As to Meaker, the evidence shows that he was fully aware of the financial condition of the company, and that he participated in making misrepresentations at seminars which were held for the sales people. One such representation that he made was that the company owned several mines, some of which were in operation and others of which were ready for operation. Meaker made other statements concerning the mining property which were false in that they led listeners to believe that the properties were functioning when in fact the parties were not even negotiating for their purchase. Meaker was fully aware of the audit report of April 1974 which disclosed the shortages of the unfilled orders. Meaker cannot claim any good faith reliance on the opinions of the geologists because he made the representations before the Utah property was in operation and even before any contract for purchase or for leasing had been made final.

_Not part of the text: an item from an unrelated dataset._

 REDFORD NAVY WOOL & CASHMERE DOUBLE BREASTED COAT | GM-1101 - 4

After he became manager for sales in January 1974 Bromley became informed of the financial problems. He instructed the sales people about what to say in response to complaints. He was also expected to deal with complaints from customers and from some of the sales people. He told them to tell the complainers that the company already owned the mines and that the mines would be in operation in ten days. He also gave instructions as to the million dollar bond. The implication from the instructions was that a copy of the bond would be sent to the sales people to be used as a selling aid. Bromley prepared a newsletter published by the company for the sales people. This newsletter stated that the bond had been obtained, that there was plenty of silver, and even as late as May 24, 1974 that the mines would be in operation within ten days and that the smelter and mill would also be in operation. Bromley conducted seminars in which he repeated the same information.

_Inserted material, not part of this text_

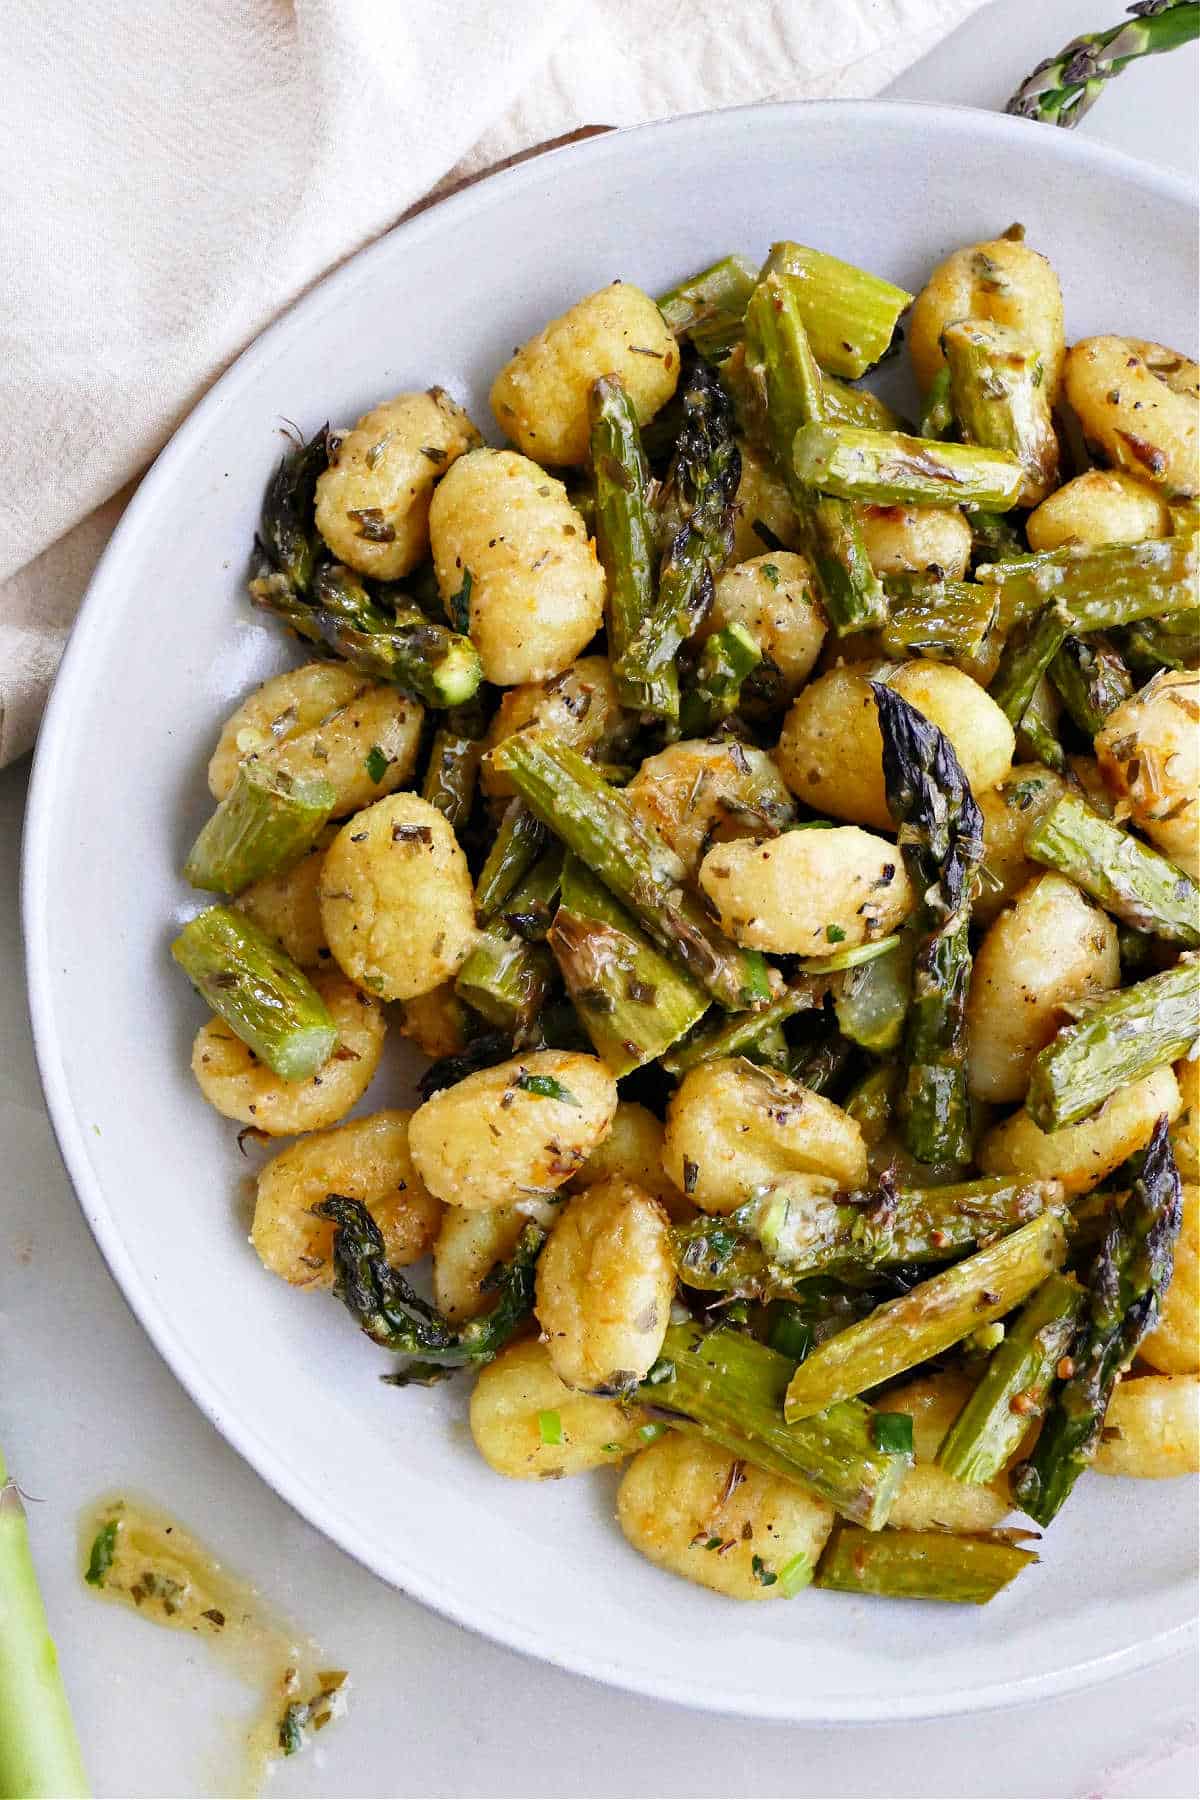 gnocchi and asparagus meal topped with Meyer lemon dressing on a plate

From the above brief summary there can be no question but that the three defendants were involved in the scheme together and that they had full knowledge of the scheme to defraud and participated in it.
The trial court's denial of the defendants' motion for acquittal was a correct ruling.
The Question Whether the Court Erred in its Charge to the Jury
The defendant Preston's main contention is not that the court misinstructed the jury but that it erred in failing to give his tendered instruction. The tendered instruction submitted on behalf of Preston is as follows:
"In determining the guilt or innocence of the defendants you are not to consider loss or financial hardship suffered or claimed to have been suffered by the alleged victims. Questions of liability of the defendant to the alleged victims for losses which they may have sustained are matters to be considered and determined in a separate civil lawsuit if such a lawsuit should be filed. Those matters are not to be considered by you in arriving at your verdict in this case. Your verdict in this case will not affect the outcome of a civil lawsuit should such a lawsuit be commenced."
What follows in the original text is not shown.